Amid Market Volatility - Beware of Wash Sales

amid market volatility - beware of wash sales

Volatility is the price investors must pay in the search for higher future returns in capital markets. The reminder that volatility and risk - is indeed quite real - has been brought to the forefront the last several months. First with prices rapidly declining, and then rebounding in the global equity markets. To many savvy investors with taxable investment accounts, the declines we saw in February and March (and quite possibly going forward still for some time) may have actually presented opportunities. One such opportunity has been to capture valuable tax losses from their investments. However, these same investors need to be especially careful to navigate the wash sale rules of the Internal Revenue Code (IRC) Section 1091, or their tax loss strategy may have all been for nothing.

Refresher on capital losses

Before explaining what exactly a wash sale is, and why it is especially relevant now, we need to understand why someone would be enticed to sell at a loss in the first place. Taxpayers that sell an investment for a loss in a taxable brokerage account may typically be able to take that loss as a tax deduction, subject to certain limitations. The limitations are generally that losses can be used to offset any other realized gains (investments sold at a gain) plus up to an additional $3,000 of losses they may have taken, which can be used to offset other regular income on their tax returns. Losses above and beyond $3,000 (for married filing jointly, or single taxpayers) more than any realized gains can be carried forward to future tax years if unused in the current year. As such, many investors that experienced a steep decline in their taxable investment portfolio at some point this year, may have decided to sell an investment at a loss to capture the associated tax benefit if they were paying attention.

wash sales

After selling though, what if an investor wants to reinvest to remain invested in the market? Generally, this is exactly what an investor should be doing if their financial plan dictates doing so. Reinvesting proceeds back into the broader market helps avoid missing any potential recovery. What many investors are not as familiar with however, is that if they purchased the same or substantially identical security as the originally held investment within 30 days before or 30 days after the sale date, that the loss from their sale would be disallowed due to the wash sale rule of IRC Section 1091.

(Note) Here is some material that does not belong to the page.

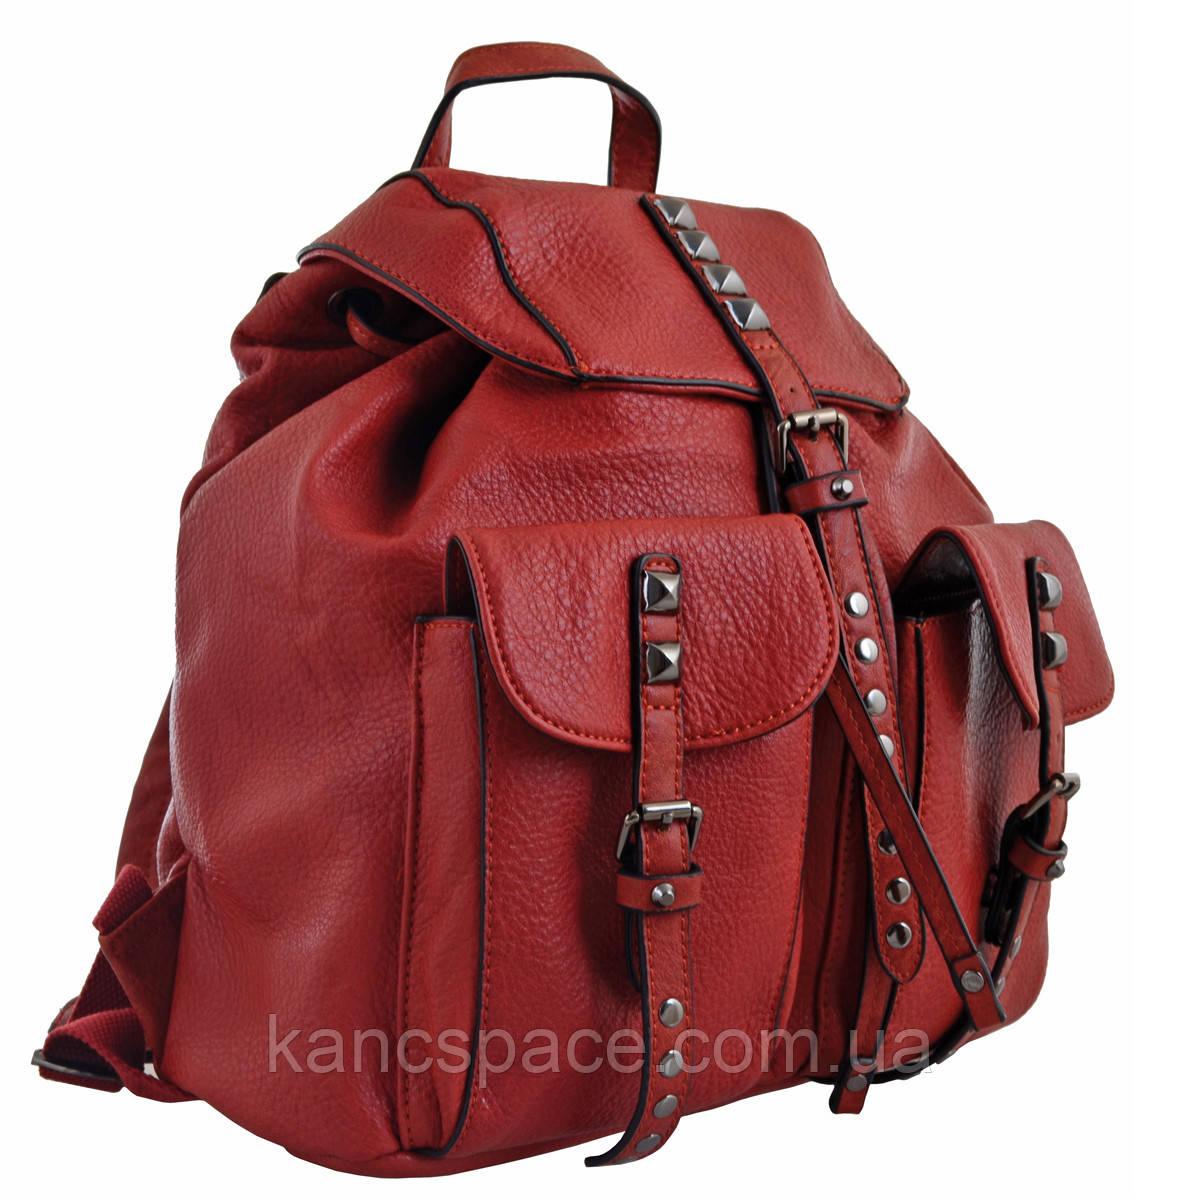 Рюкзак жіночий YW-13, цегляний

The IRS defines a wash sale as "a sale of stock or securities at a loss within 30 days before or after you buy or acquire in a fully taxable trade, or acquire a contract or option to buy, substantially identical stock or securities." The wash sale rule under IRC Section 1091 exists to prevent investors from generating, and recognizing, “artificial losses” in situations where they do not intend to reduce their holdings in the securities that are sold - even if they determine this after the fact from when they first sold. The loss on the sale is deferred until the replacement shares of the substantially identical security is sold.

Going a step further, investors need to be aware of these rules within their retirement accounts and when engaging in any options or similar derivative contracts for a given security. There are also nuanced attribution and consolidation rules that need to be monitored between spouses and related entities and businesses.

An Example

You purchase 1,000 shares of ABC Inc. for $10 per share. You eventually sell these shares for $7 per share, creating a $3 per share loss - or $3,000 total capital loss from the transaction. After you sell though, the price quickly rises back up to $9 per share, within 30 days of your initial sale. Considering you had originally purchased this stock for $10 per share and see the recent rise of the stock, you fear you may miss out and so you quickly repurchase 1,000 shares for $9 per share. Doing so however prevents you from taking the $3,000 loss you had already realized. Instead that $3,000 loss gets added to the cost basis of your new purchase. So rather than having a $3,000 loss and new shares with a total cost of $9,000 (1,000 * $9), you would have $0 loss and a total cost of $12,000.

Overall, wash sales can be a confusing and nuanced area of the tax code for individual investors and taxpayers when confronted with them in reality. When markets are volatile and prices are moving with more velocity than usual, there are increased opportunities for savvy tax-loss-harvesting strategies, but without proper execution and monitoring it can also lead to increased opportunities for unwanted wash sales. While losses deferred by wash sales will eventually be realized by a taxpayer in most instances, avoiding them in the first place is often preferred to more likely maximize investment performance. We encourage investors and taxpayers to consult or work with a financial or tax professional that is well-versed and capable of navigating the wash sales rules when managing an investment portfolio.